In resolving the clash of civilization,
Huntington suggested some recommendations. However, his suggestions are purely
biased in favor of the West civilization. Most of his suggestions also have
little to do with the problems he proposed. This ambiguity and
oversimplification have sparked discontentment and criticism from other
political scientists. One of the prominent figures who opposed the clash of
civilization is Amartya Sen. In his article, he argued that to resolve the
clash of civilizations, we need to encourage the plurality of our identities
instead of sticking to one divisive and unique powerful categorization. He
emphasized that as individuals, we have layers of identities (other than our
religion). We should not be caged in a single layer that will reinforce
civilization difference. Lastly, the clash of civilization is deeply embedded
in our language and narratives. Hence, resolving this pitting of civilizations
against each other takes a fundamental transformation on how we communicate
about it. Since we have established that this alleged clash of civilization is
a superficial label with underlying real causes, it is only logical that we dig
down to that level and resolve it from there.
Classic and new International Relations
theories can also offer solutions on how to address the clash of civilizations.
For realism, self-interest and survival are the main concern of these
civilizations. And since they want to secure their interest, they would crave power.
Realists would argue that to solve this clash, no civilization should possess
superior power over the others.
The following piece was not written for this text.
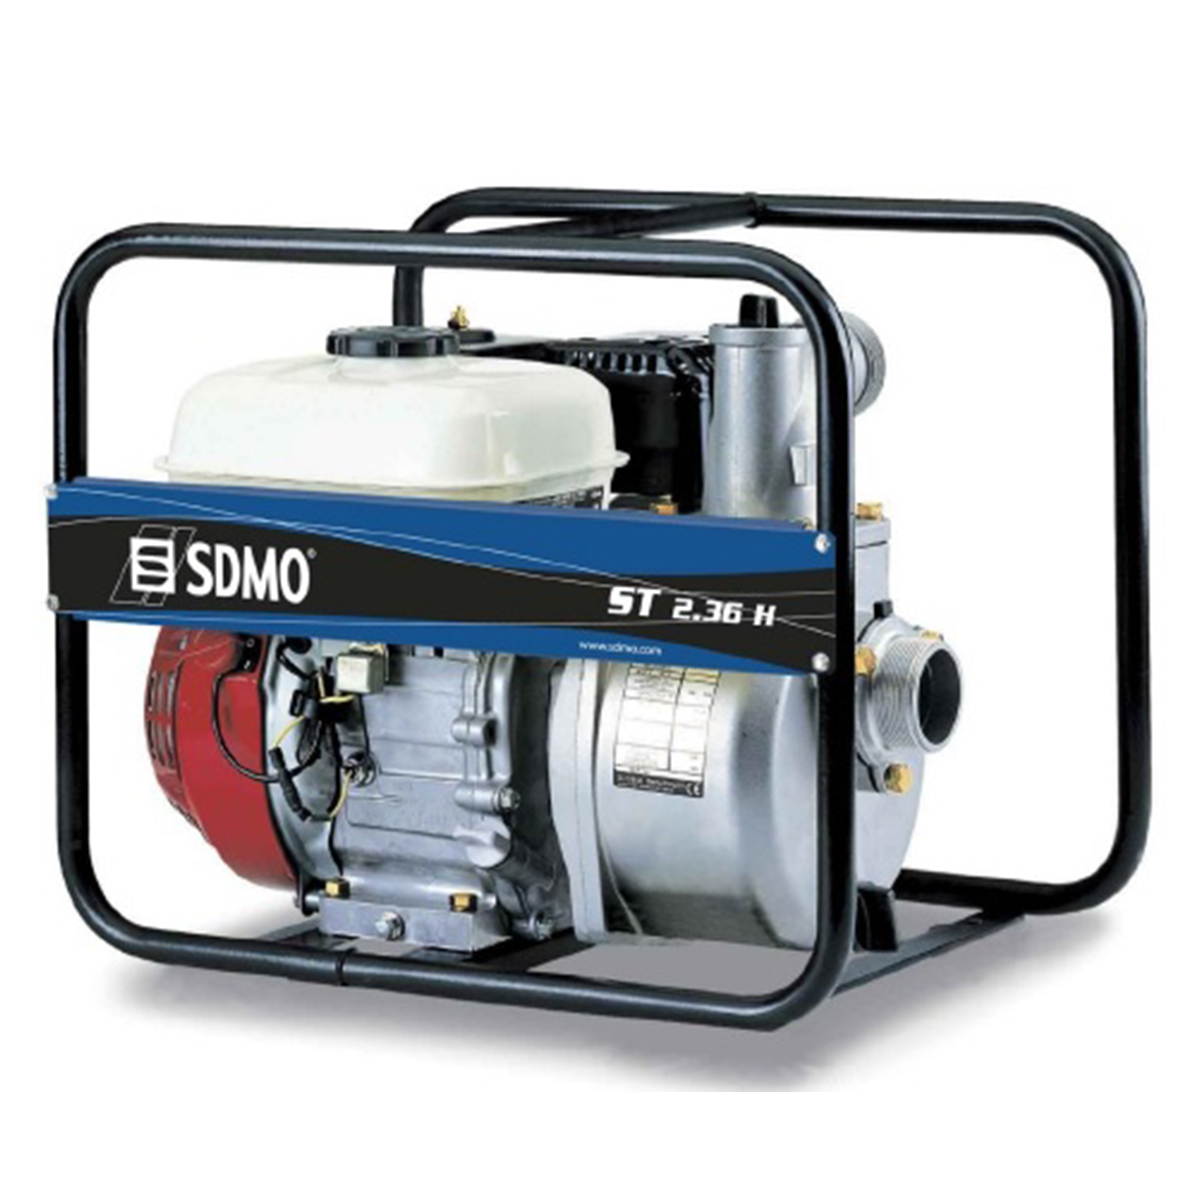 SDMO ST2-36H Petrol Water Pump

Balance of power is the key to stabilizing the
intent of civilizations to attack other states and claim their power, as supported
by Thucydides. Similarly, Morgenthau who emphasized the role of promoting
national interest suggested that diplomacy can help pacify civilizations.
Diplomacy guides civilizations on how to peacefully negotiate their interest
with other states.
Liberalism, on one hand, would suggest
that civilizations should resort to mutually beneficial alternatives.
Consistent with the belief on trade and economic interdependence, liberalism
would resolve the clash by encouraging the exchange of goods between civilizations.
This relationship will shape an interdependent system where civilizations will
rely on others. Subsequently, any hostile clash will be avoided since it will
disrupt the profitable process. In addition, liberalists believe in the power
of democracy in resolving conflicts. They argue that a democratic civilization
will not engage in war with a fellow democracy. Mansfield would concur in this
assertion that stable democracies are relatively peaceful.
Lastly, constructivism would likely say
that the “clash of civilizations is what we make off it”. We created this idea
based on the meaning we assign to it. Hence, to resolve it demands shifting of meaning from a fixed and negative definition to a cooperative and harmonious
one. As Wendt contended, interaction is vital in future relationships. In this
context, resolving the clash takes effort to provide platforms for interaction.
Continuous immersion and interaction among civilizations can help break the
solid unique identity barriers and foster respect among these groups.
Indeed, our kaleidoscopic world is ever-changing. New events require new perspectives sometimes. The clash of
civilization gave us just that new paradigm to view the world. In fairness to
Huntington, his theory contributed partly to understanding the world,
especially group dynamics. Most remarkably, his provocative points started a
discourse that further enriched our view of the contemporary world. Political
scholars did not just oppose the clash of civilization but some suggested
strategies to address this battle between us and them. To end, revisiting clash
of civilization is always a worthy effort to evaluate its (ir)relevance to the
modern world.
*This essay was submitted as a requirement for POS 190 (International Relations).
*Still on the process of editing to avoid plagiarism. References are listed in the original file.